11. GEO: AI Search Visibility & Optimization

A growing share of your potential customers will never visit Google. They'll ask ChatGPT "what's the best project management tool for remote teams?" or ask Perplexity "which CRM should I use for a 20-person sales team?" — and the AI will recommend 3-5 products. If yours isn't one of them, that customer is gone before you ever had a chance. Traditional SEO tools can't help you here — they track Google rankings, not LLM citations. This skill systematically audits your brand's visibility across AI search engines, maps where competitors are being recommended instead, and produces specific, actionable recommendations for improving your AI search presence through better content structure, entity coverage, and citation-worthiness.

---
name: geo-ai-search-optimization
description: "Audit and optimize brand visibility across AI search engines — ChatGPT, Perplexity, Claude, Gemini, and Google AI Overviews. Use when monitoring AI search presence, optimizing for generative engine optimization (GEO), tracking LLM brand mentions, improving AI citations, or analyzing how AI recommends your product vs. competitors."
metadata:
  version: 1.0.0
  integrations:
    geo_monitoring: ["Hyper (native — HyperSEO with built-in LLM visibility tracking)", "Manual LLM querying"]
    scraping: ["Hyper (native)", "Browser automation", "Search APIs"]
---

# GEO: AI Search Visibility & Optimization

Systematically query AI search engines with prompts relevant to your product category, track whether your brand is cited, analyze why competitors are recommended instead, and produce an optimization plan. Unlike traditional SEO audits that check Google rankings, this audit checks whether AI models know about your brand, trust it enough to recommend it, and can find citable content on your site. On Hyper, HyperSEO provides built-in LLM visibility monitoring across ChatGPT, Claude, Perplexity, and Gemini — this skill layers strategic analysis and optimization planning on top of that data.

## Before Starting

Confirm these inputs (ask if not provided):
- Your brand name and primary domain
- Product/service category (e.g., "AI marketing platform," "project management tool," "CRM for SMBs")
- 3-5 primary competitors to track
- Target AI platforms (default: ChatGPT, Perplexity, Claude, Gemini)
- Key use cases or buyer intents to audit (e.g., "best [category] for [audience]," "how to [task your product solves]," "[your category] comparison")

## Workflow

1. **Build the prompt set.** Generate 30-50 prompts that a potential customer might ask an AI when researching your category. Organize into three tiers:
    - **Brand-adjacent (10-15 prompts):** Direct queries where your product should appear — "best [category] tools 2026," "top [category] for [use case]," "[your product] vs [competitor]," "alternatives to [competitor]."
    - **Problem-aware (10-15 prompts):** Questions about the problems your product solves — "how do I automate [task]," "what tools do marketing teams use for [workflow]," "how to reduce [pain point]."
    - **Category-level (10-15 prompts):** Broader industry queries where thought leadership matters — "what is [industry concept]," "best practices for [domain]," "[industry trend] explained."
    Vary phrasing — some formal, some conversational.

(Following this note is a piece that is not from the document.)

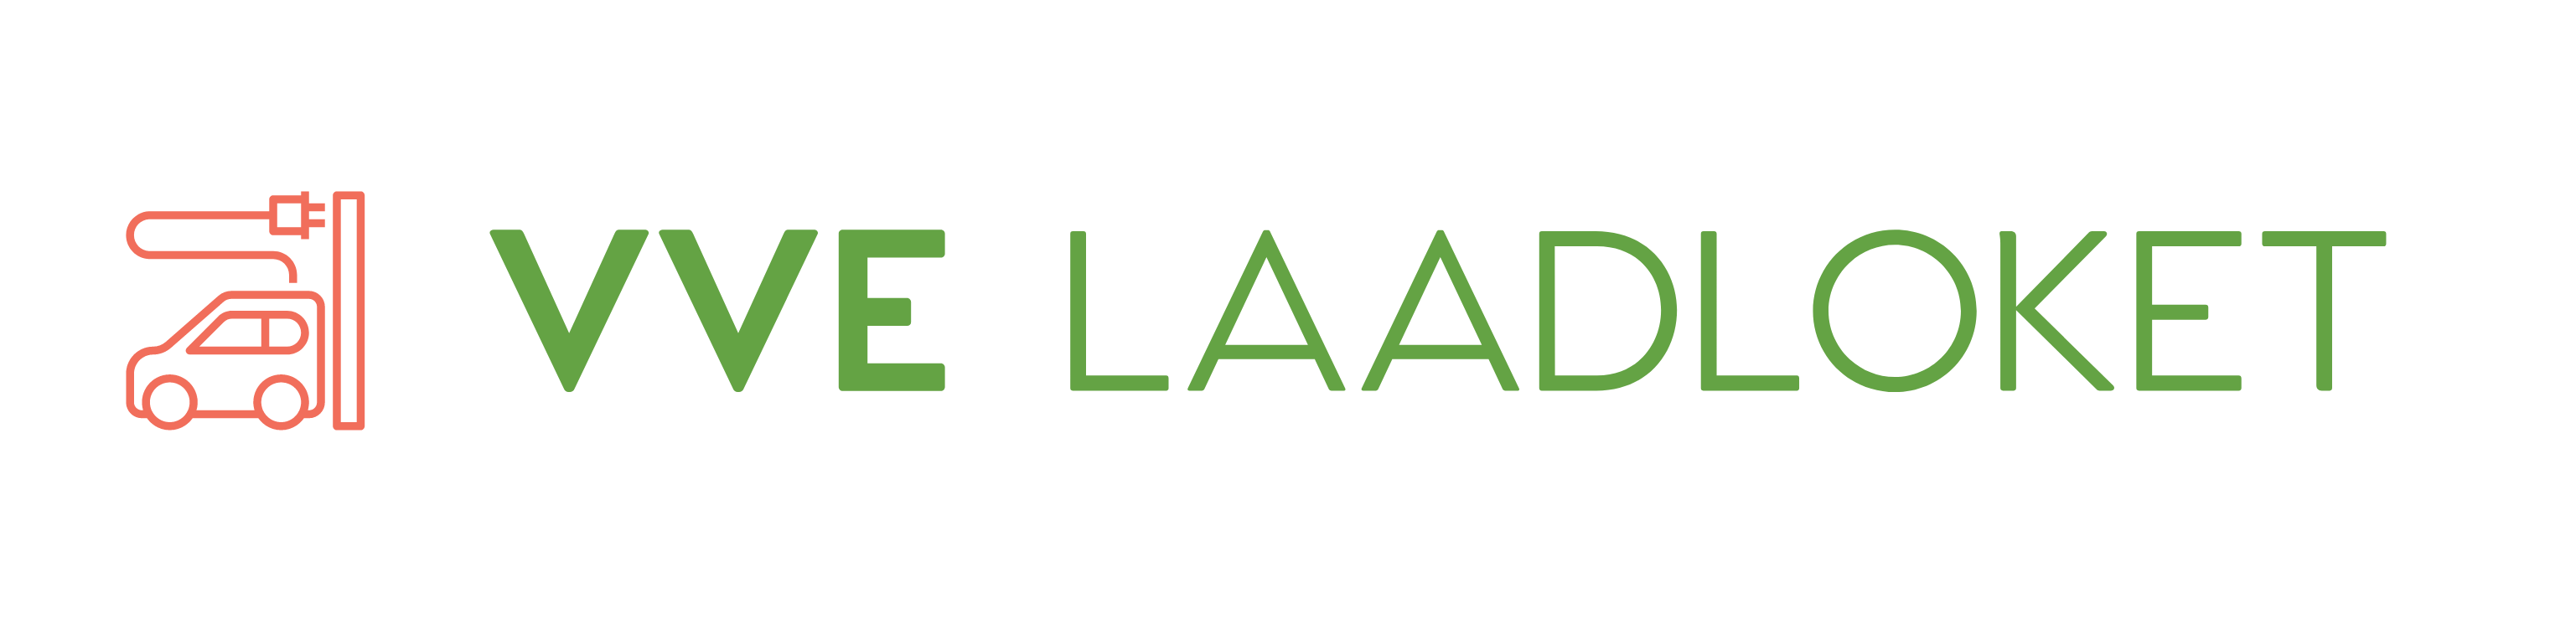 VVE Laadloket logo
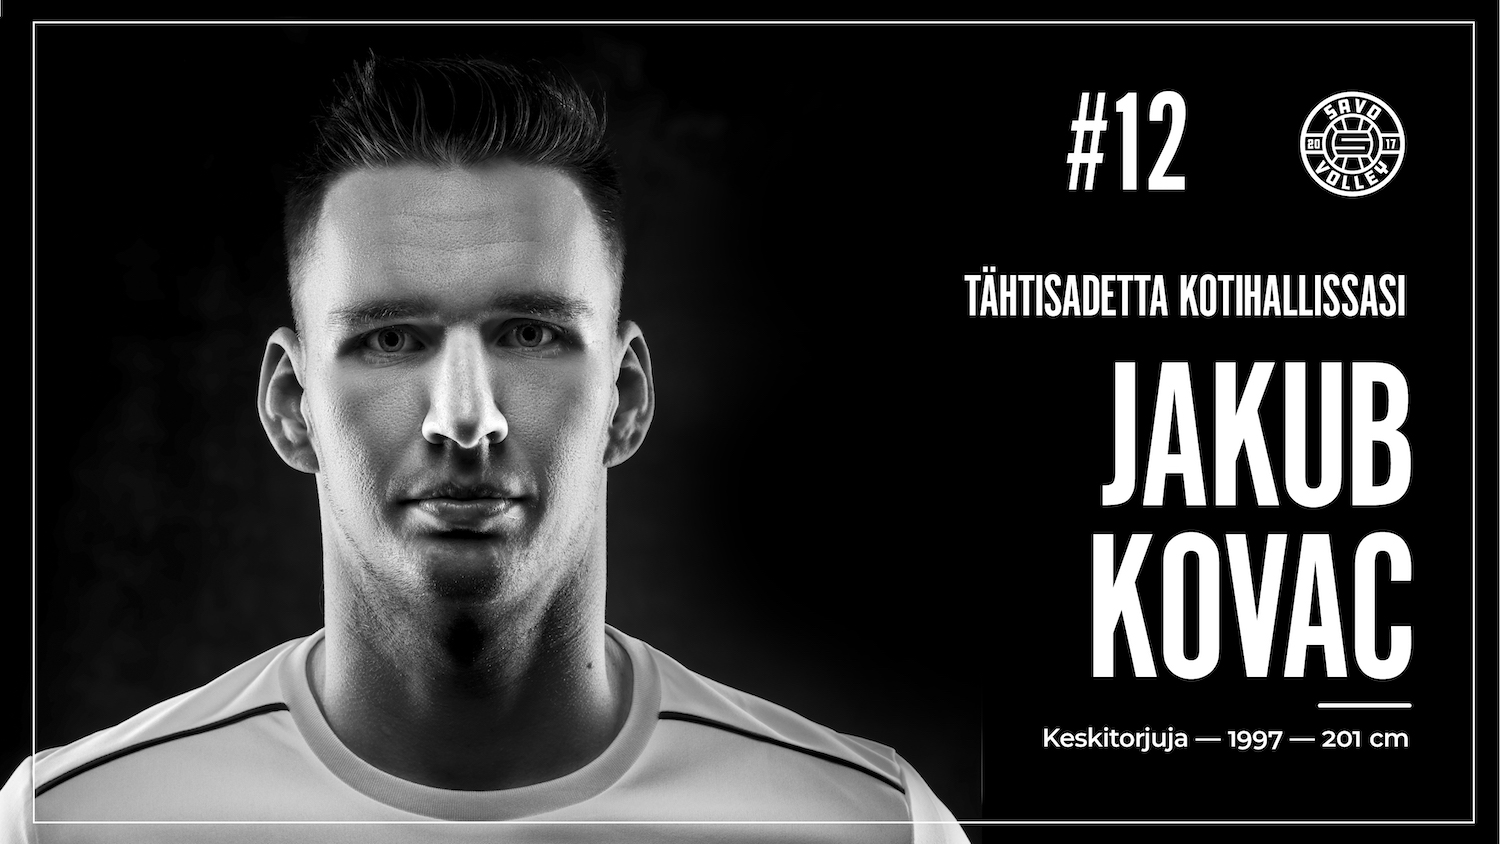 Jakub Kovac

Include long-tail queries that match real buying behavior.
2. **Query each AI platform.** For every prompt, submit it to each target AI platform and record:
    - Whether your brand is mentioned (yes/no)
    - Position in the response (first recommendation, mentioned in a list, footnote citation, not mentioned)
    - Exact quote of how your brand is described (sentiment and accuracy matter)
    - Which competitors are mentioned instead, and in what position
    - Sources cited by the AI (URLs) — these are the pages the AI considers authoritative
3. **Calculate visibility scores:**
    - **Brand Visibility Rate:** % of prompts where your brand appears, broken down by platform and prompt tier. A brand that appears in 60% of brand-adjacent queries but 5% of problem-aware queries has a content gap, not a brand recognition gap.
    - **Share of Voice:** Across all prompts, how often is your brand mentioned vs. each competitor? Map this on a grid: your visibility vs. competitor visibility by prompt category.
    - **Sentiment Score:** Of the mentions you do receive, how positive/neutral/negative is the AI's description? An AI saying "X is popular but has a steep learning curve" is different from "X is the industry leader."
    - **Citation Source Analysis:** Which of your pages get cited most often? Which competitor pages get cited? This reveals what content AI models consider authoritative.
4. **Diagnose gaps.** For prompts where your brand doesn't appear but competitors do:
    - Check if you have content that directly addresses the query topic. No content = no citation.
    - Check if your existing content is structured for citability: does it lead with clear, specific answers? Does it include statistics, definitions, and expert claims that an AI can extract and quote?
    - Check third-party coverage: AI models heavily weight authoritative third-party sources (review sites, industry publications, comparison articles). If competitors appear on G2, Capterra, and industry blogs but you don't, that's a citation source gap.
    - Check schema markup: proper Organization, Product, FAQ, and HowTo structured data helps AI models understand and categorize your content.
5. **Generate the optimization plan** as geo_audit_[brand]_[date].md:
    - Executive summary: overall AI visibility score, biggest gaps, and the single highest-impact action
    - Platform-by-platform breakdown with visibility rates and sentiment
    - Competitor comparison matrix: Brand | ChatGPT Visibility | Perplexity Visibility | Claude Visibility | Gemini Visibility | Overall Share of Voice
    - Top 10 "missing citation" opportunities — prompts with high buyer intent where competitors appear and you don't, ranked by estimated impact
    - Content recommendations: specific pages to create or restructure for each gap, with guidance on structure (lead with the answer, include quotable statistics, use FAQ schema)
    - Third-party coverage recommendations: publications, review platforms, and directories to target for earned mentions
    - Technical recommendations: schema markup additions, content freshness updates, internal linking improvements
6. **Establish a baseline.** Save the full audit data as a timestamped JSON file for tracking changes over time. AI search visibility changes as models update — monthly re-audits reveal whether optimizations are working.

## Error Handling

- AI platform responses are non-deterministic — the same prompt can produce different results on different runs. Run each prompt 3 times per platform and use majority-vote for the visibility score. Note any high-variance prompts where results are inconsistent.
- If an AI platform is unavailable or rate-limited, complete the audit with available platforms and note the gap. Don't block the entire report over one platform.
- Some prompts may trigger refusal responses ("I can't recommend specific products"). Mark these as "no recommendation" rather than "brand not visible" — they're a different signal.
- Content freshness matters disproportionately for GEO — AI models tend to favor recently updated content. Note the last-modified date of your key pages alongside citation data.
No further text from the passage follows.